6. Rindu

61 5 0
                                        

Senja, indah namun lekas berlalu begitu saja

Ups! Gambar ini tidak mengikuti Pedoman Konten kami. Untuk melanjutkan publikasi, hapuslah gambar ini atau unggah gambar lain.

Senja, indah namun lekas berlalu begitu saja. Lembayung perlahan berganti menjadi gulita, menghangatkan, namun mendinginkan. Senja mengajarkan bahwa segala sesuatu yang indah di dunia akan segera berlalu dan lenyap begitu saja.
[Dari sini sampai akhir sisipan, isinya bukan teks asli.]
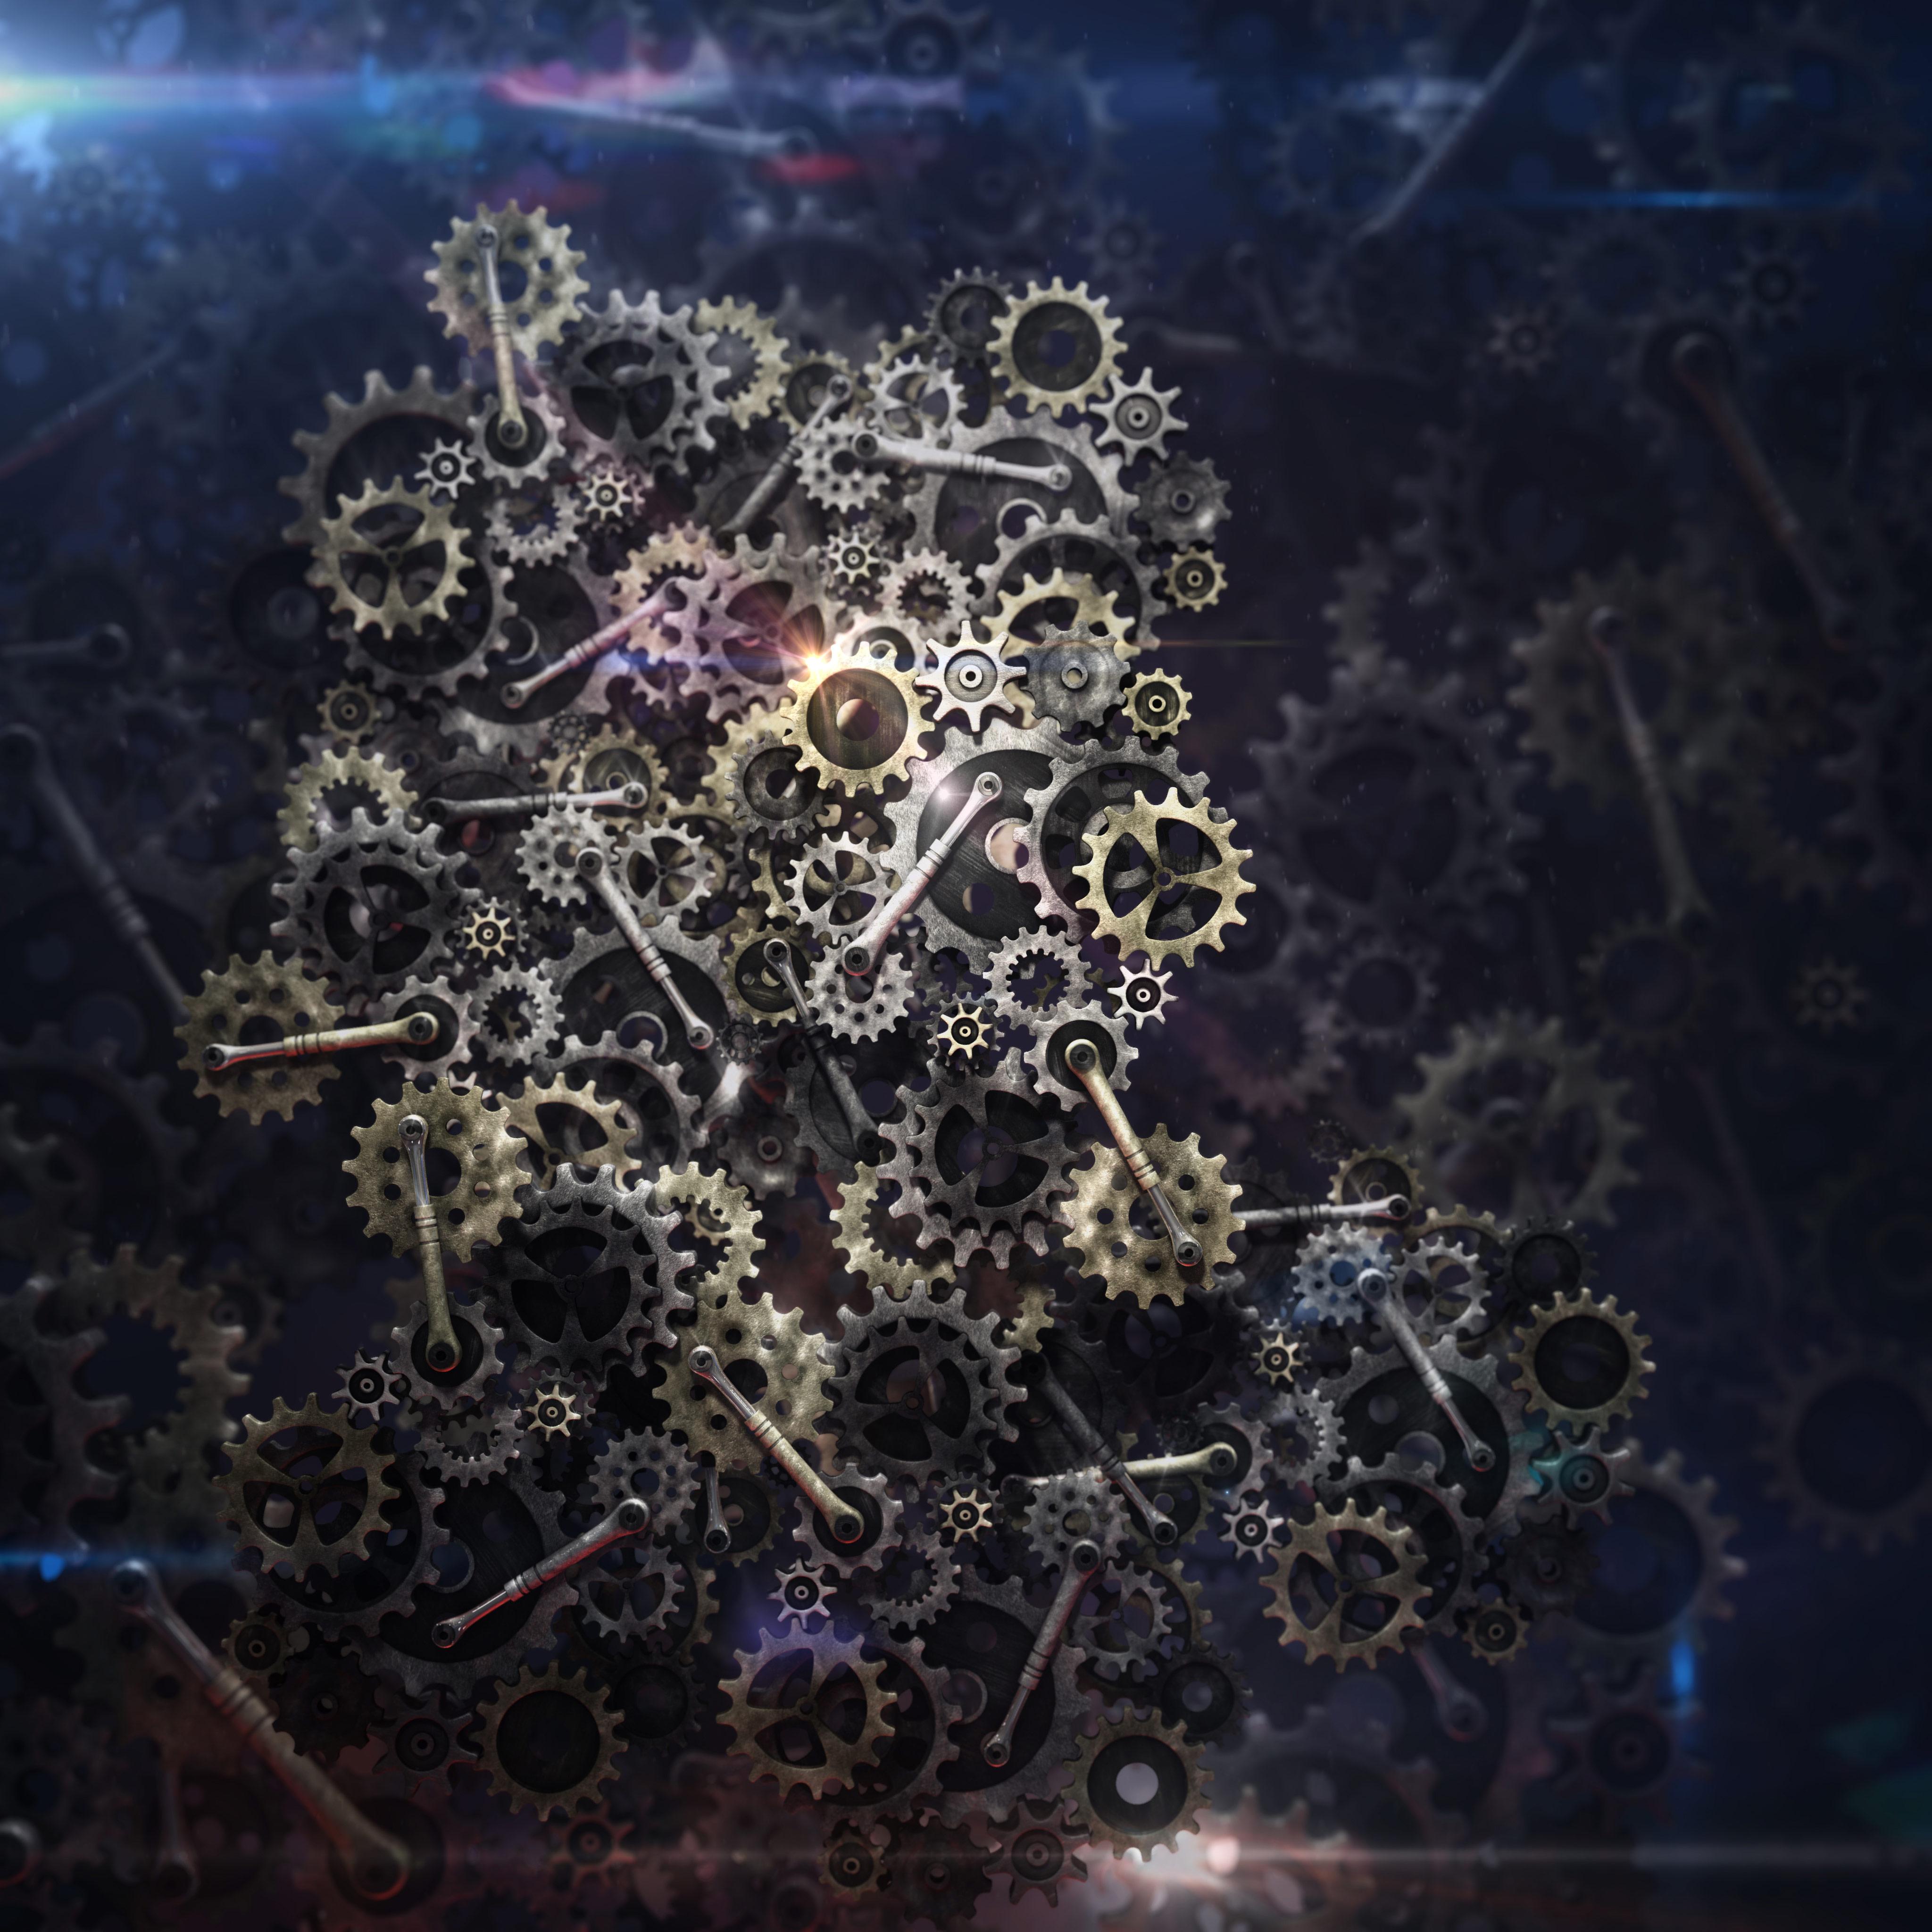 nanjingGearsFullSm-1

Manusia terlalu larut dalam mengagumi senja yang telah pergi hingga lupa cara menyambut fajar yang pasti akan datang setiap hari.

Fajar adalah kesempatan untuk menilai diri sendiri tentang seberapa dekat diri kita dengan Allah. Seberapa besar kita menginginkan surga? Sanggupkah kita meninggalkan tempat tidur untuk kemudian segera bersujud kepada Allah? Tuhan pemilik semesta dan seisinya, Sang Maha Kuasa.

Pagi ini Arini bangun lebih pagi. Bukan lebih pagi, lebih tepatnya ia tak jenak tidur semalam. Ia hanya sanggup memejamkan mata tanpa tertidur hingga pukul tiga dinihari. Lantunan adzan subuh yang begitu lembut membangunkannya, teduhnya subuh menenteramkan hatinya yang dilanda gelisah semalaman.

Arini bangkit dari tidurnya, menyandarkan dirinya di ranjang. Matanya berkedip-kedip menatap jam dinding di kamarnya, pukul empat lebih lima belas menit. Ia usap wajahnya dengan perlahan.

"Tolong pergi dari ingatanku... Lenyaplah dari anganku..."

"Mengapa aku masih saja merindukanmu?"

"Rindu ini adalah parasit yang perlahan menggerogoti akal sehatku."
Ucapnya lirih.

Satu hal yang selalu membuatnya gelisah setiap malam, Shaka. Dia lagi, dia lagi, tak ada yang lain.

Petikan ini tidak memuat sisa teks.